A contract can declare at most one fallback function.

// Minimal declaration
fallback() external [payable] {
    // Logic when no other function matches
}

// Declaration with data handling
fallback(bytes calldata inputData) external [payable] returns (bytes memory outputData) {
    // Logic with input/output data
}

Key Characteristics:

  • Declared without the function keyword.
  • Must be marked external; payable is optional.
  • Executed when a call to the contract does not match any funciton signature, or if no data is supplied (if receive is absent).
  • It can serve as a backup for receiving Ether if made payable.
  • Can use modifiers and perform complex operations.
  • The version with parameters allows inspection and response to arbitrary call data.

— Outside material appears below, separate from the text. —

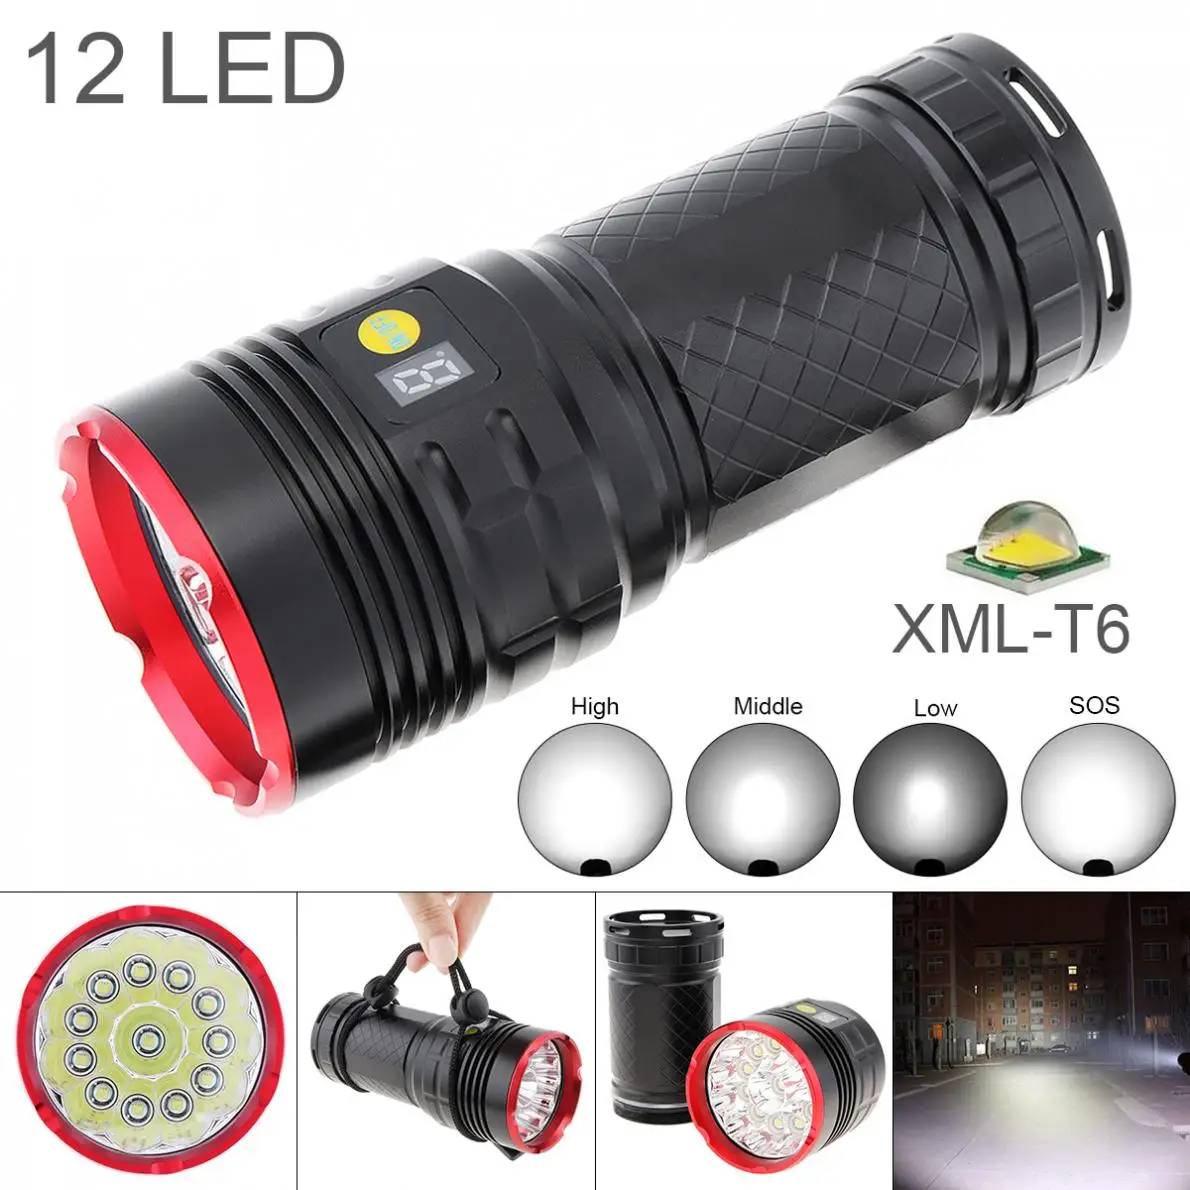 

Waterproof Power Display 7500 Lumens 12 x XML T6 LED Flashlight Spotlight Lamp Torch with 4 Modes for Outdoor Hunting/Camping

Example Contracts Demonstrating Behavior:

// SPDX-License-Identifier: MIT
pragma solidity ^0.8.0;

contract ContractA {
    uint256 public stateVar;
    // Non-payable fallback; contract rejects Ether transfers.
    fallback() external {
        stateVar = 100;
    }
}

contract ContractB {
    uint256 public valueX;
    uint256 public valueY;

    // Payable fallback for calls with unmatched signatures.
    fallback() external payable {
        valueX = 10;
        valueY = msg.value;
    }

    // Receive function for plain Ether transfers.
    receive() external payable {
        valueX = 20;
        valueY = msg.value;
    }
}

contract CallerExample {
    function interactWithContractA(ContractA targetContract) public returns (bool) {
        // Call a non-existent function, triggering fallback.
        (bool callSuccess, ) = address(targetContract).call(
            abi.encodeWithSignature("fakeFunction()")
        );
        require(callSuccess); // stateVar becomes 100.

        // Attempting to send Ether will fail.
        return payable(address(targetContract)).send(1 ether); // Returns false
    }

    function interactWithContractB(ContractB targetContract) public returns (bool) {
        // Call non-existent function without value.
        (bool success, ) = address(targetContract).call(
            abi.encodeWithSignature("fakeFunction()")
        );
        require(success); // valueX = 10, valueY = 0.

        // Call non-existent function with Ether value.
        (success, ) = address(targetContract).call{value: 1 ether}(
            abi.encodeWithSignature("fakeFunction()")
        );
        require(success); // valueX = 10, valueY = 1 ether.

        // Plain Ether transfer triggers receive().
        (success, ) = address(targetContract).call{value: 2 ether}("");
        require(success); // valueX = 20, valueY = 2 ether.

        return true;
    }
}

Execution Priority: For an incoming call with Ether:

  1. If the call data is empty, the receive() function is executed if it exists.
  2. If receive() does not exist, but a payable fallback() exists, fallback() is executed.
  3. If neither exists, the call reverts. For an incoming call without Ether but with unmatched call data, the fallback() function is executed if it exists.